● **REQUIRED WORK**
Please give back word for word the lines of the material below between the line containing "Ambulatory blood pressure" and the line containing "White Painkiller Pills", inclusive.

═══ SOURCE MATERIAL ═══

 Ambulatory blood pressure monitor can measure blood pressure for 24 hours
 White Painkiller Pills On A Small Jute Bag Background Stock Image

═══
═══ SOURCE MATERIAL ═══

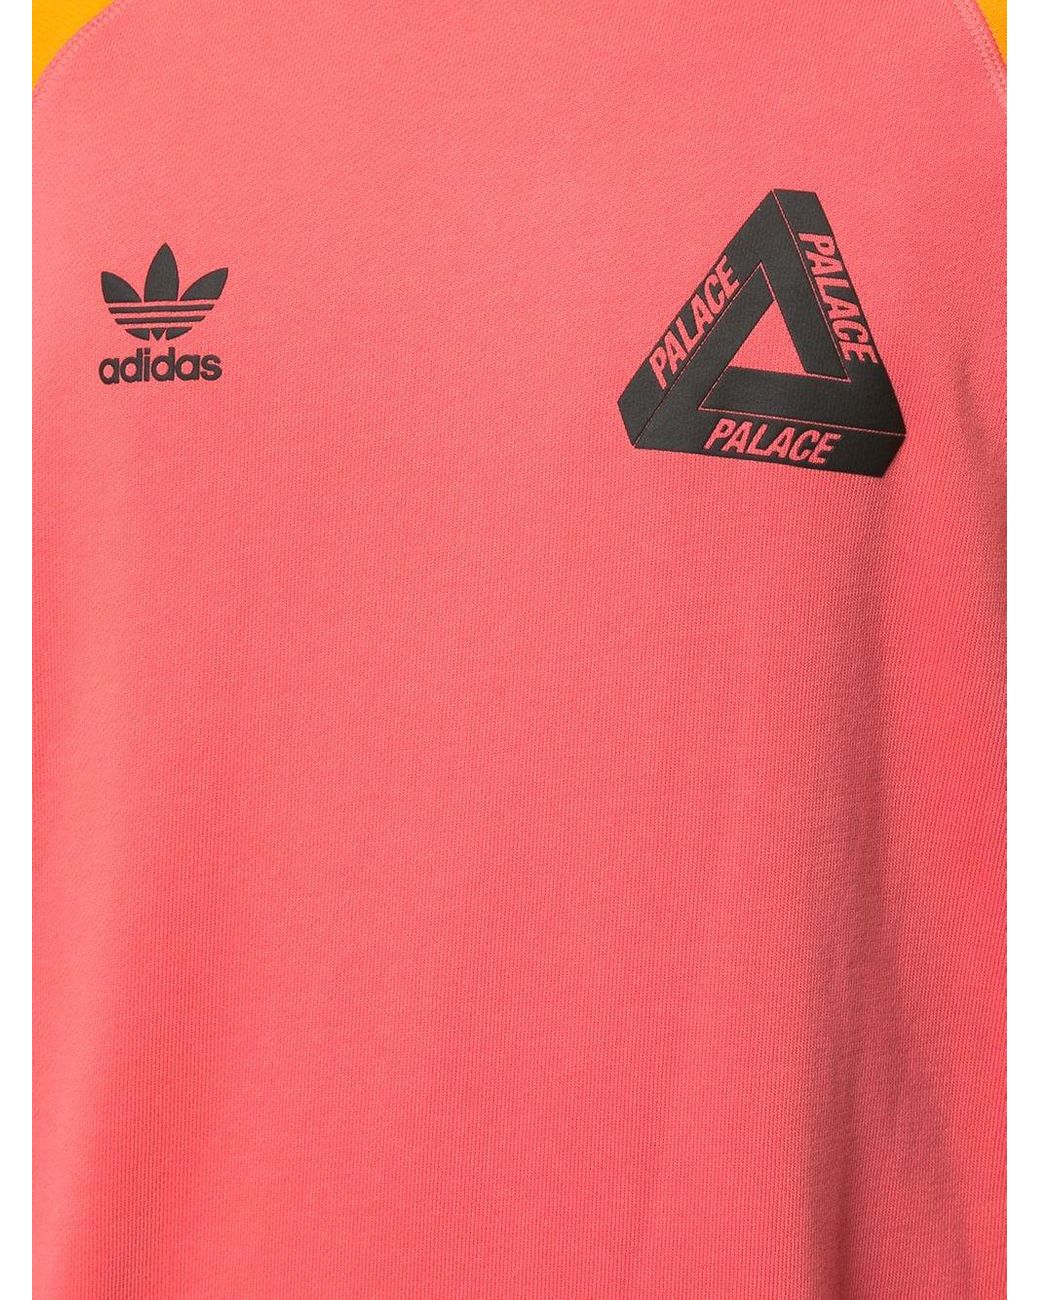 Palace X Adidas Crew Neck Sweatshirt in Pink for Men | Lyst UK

═══
═══ SOURCE MATERIAL ═══

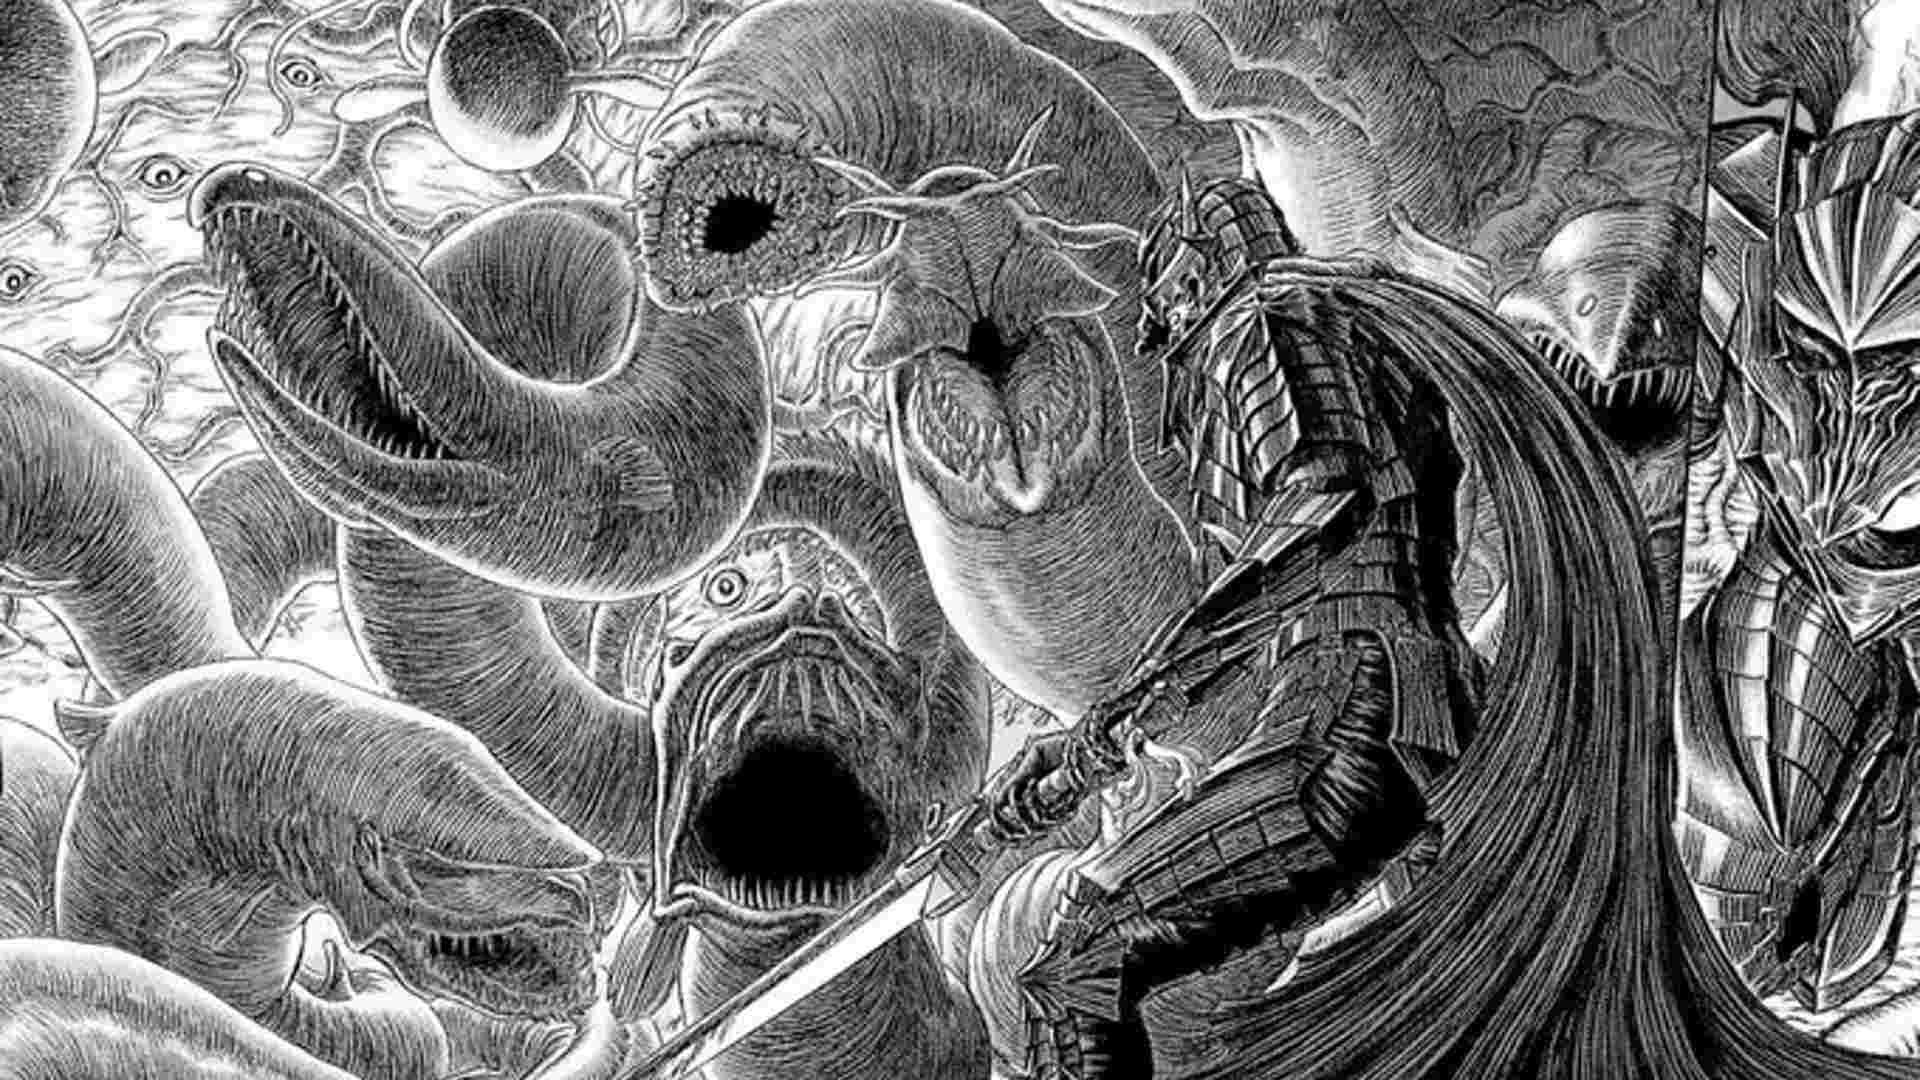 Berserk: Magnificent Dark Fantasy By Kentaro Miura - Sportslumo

═══

● **ANSWER TO THIS EXERCISE**
 Ambulatory blood pressure monitor can measure blood pressure for 24 hours
 White Painkiller Pills On A Small Jute Bag Background Stock Image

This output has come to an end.